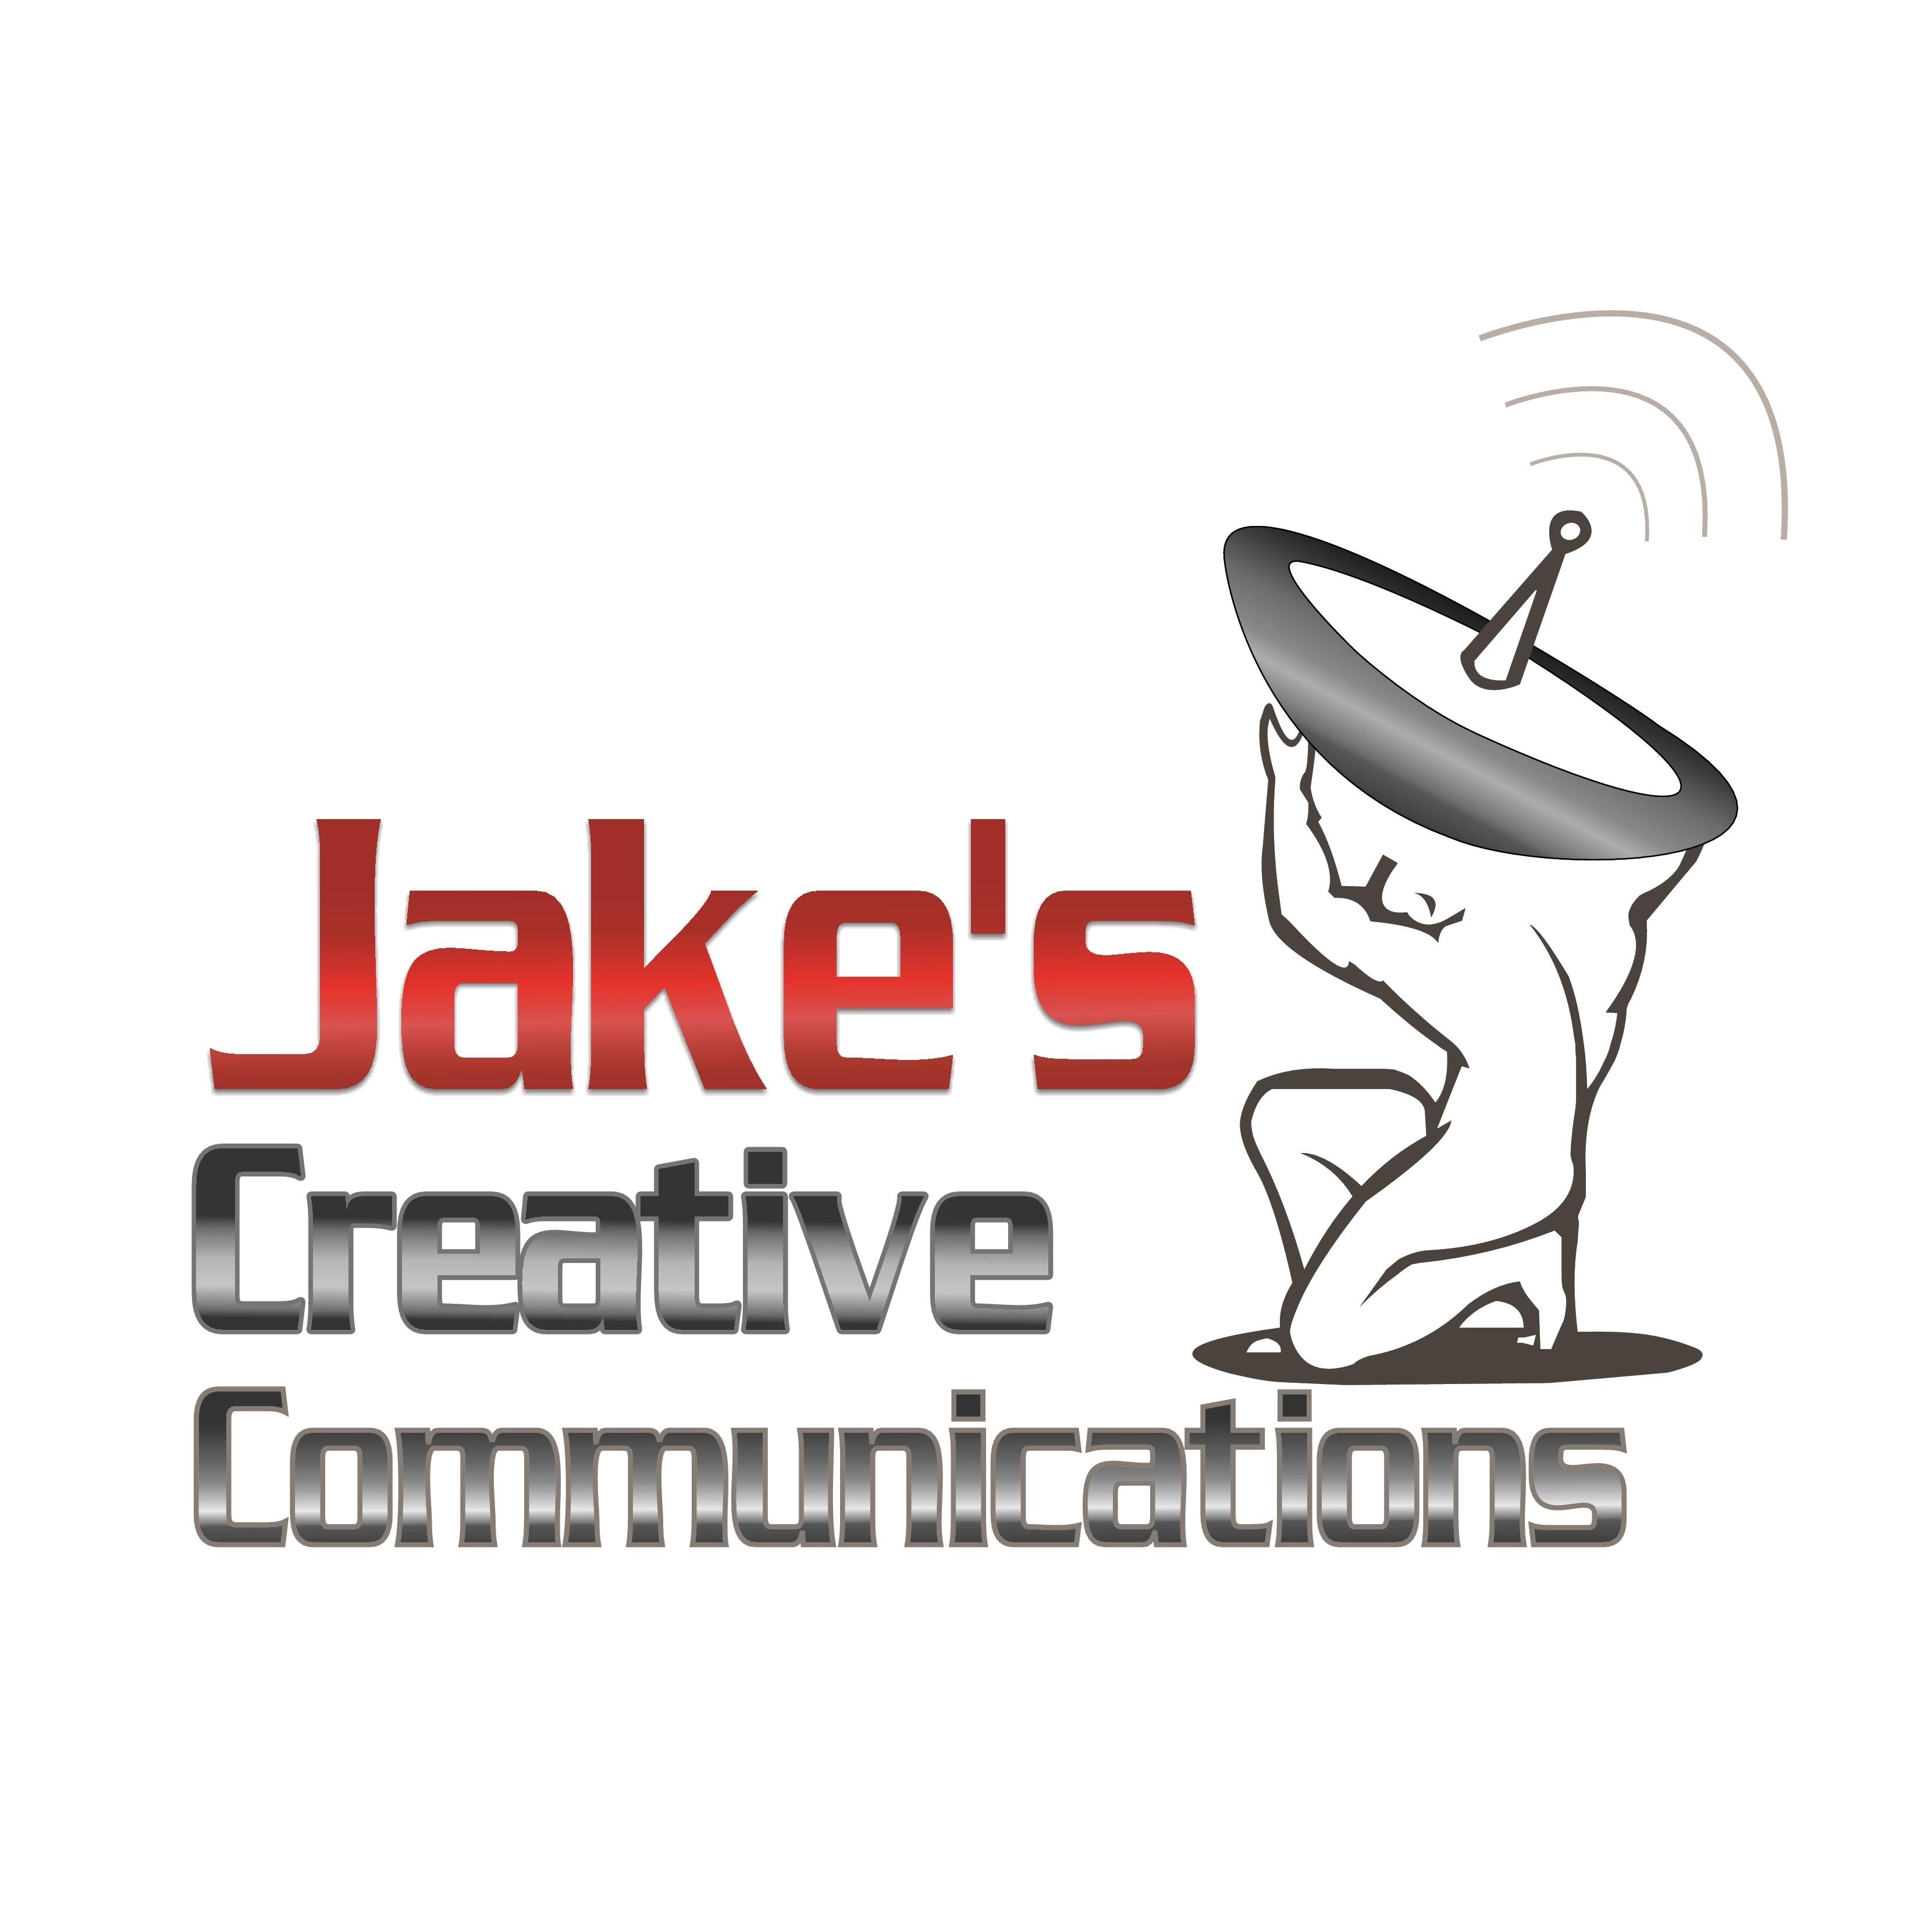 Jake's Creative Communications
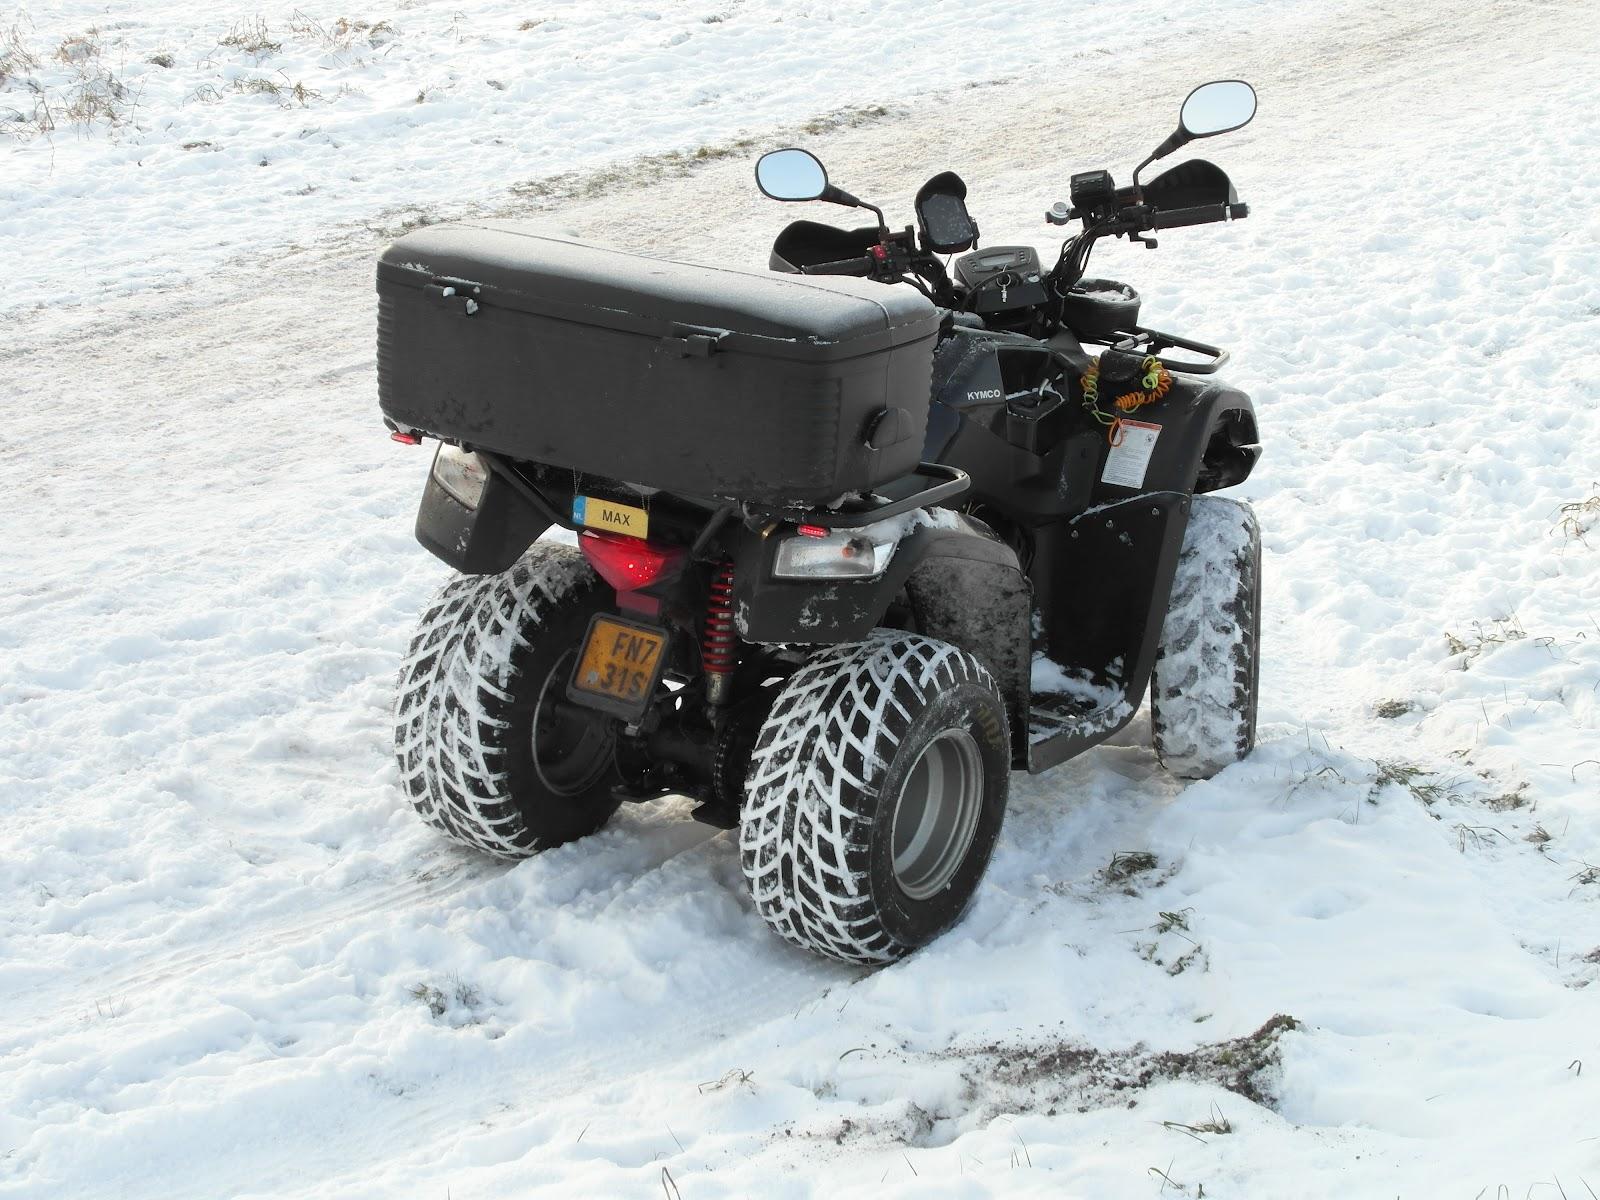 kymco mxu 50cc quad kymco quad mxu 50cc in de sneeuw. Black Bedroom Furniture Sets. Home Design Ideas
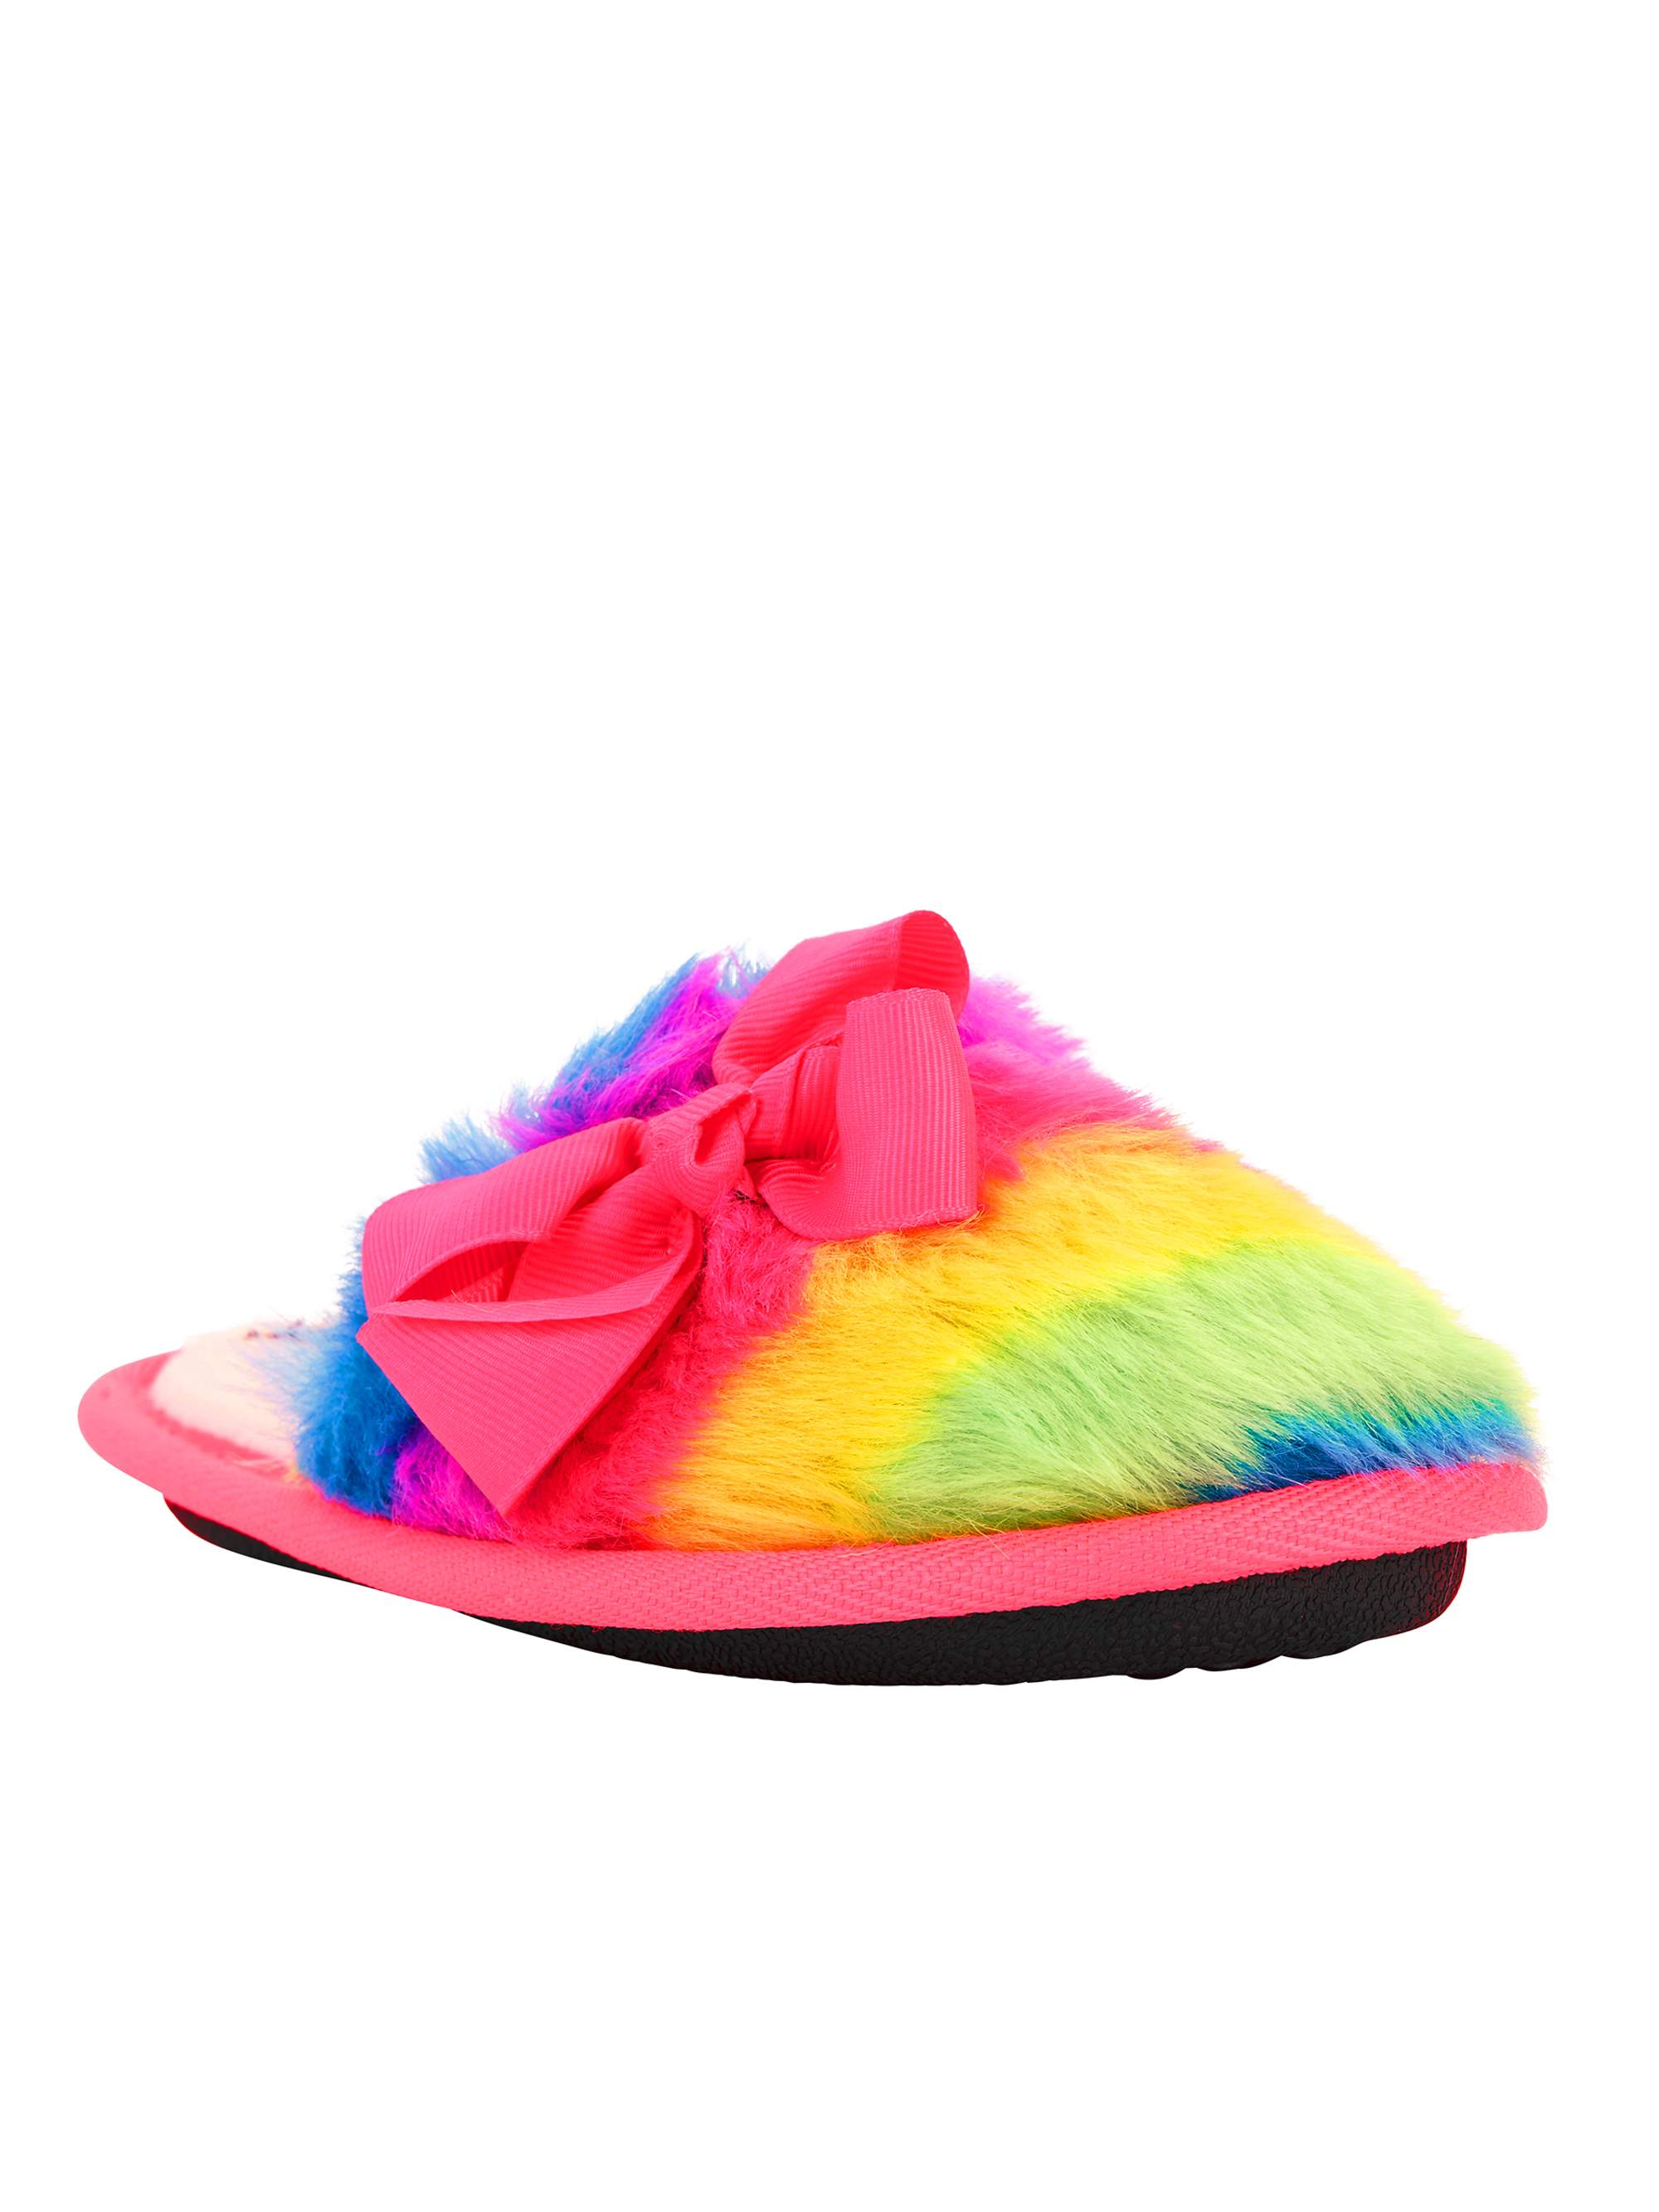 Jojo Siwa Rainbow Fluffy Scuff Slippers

▶ What you will do: What you write should match, word for word, the lines from the one containing "kymco mxu 50cc" to the end of the listing, with both ends kept and the pictures left out.

▶ Answer below:
 kymco mxu 50cc quad kymco quad mxu 50cc in de sneeuw. Black Bedroom Furniture Sets. Home Design Ideas
 Jojo Siwa Rainbow Fluffy Scuff Slippers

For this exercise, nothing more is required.